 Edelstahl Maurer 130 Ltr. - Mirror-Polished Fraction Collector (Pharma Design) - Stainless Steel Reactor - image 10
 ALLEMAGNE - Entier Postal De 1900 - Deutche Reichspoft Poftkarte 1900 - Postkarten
...
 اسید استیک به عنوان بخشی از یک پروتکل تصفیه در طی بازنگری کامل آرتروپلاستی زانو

* [Task brief]: Looking at the records above, return exactly the lines from the line with "Edelstahl Maurer 130" to the line with "ALLEMAGNE - Entier", both ends included.

* [Solution]:
 Edelstahl Maurer 130 Ltr. - Mirror-Polished Fraction Collector (Pharma Design) - Stainless Steel Reactor - image 10
 ALLEMAGNE - Entier Postal De 1900 - Deutche Reichspoft Poftkarte 1900 - Postkarten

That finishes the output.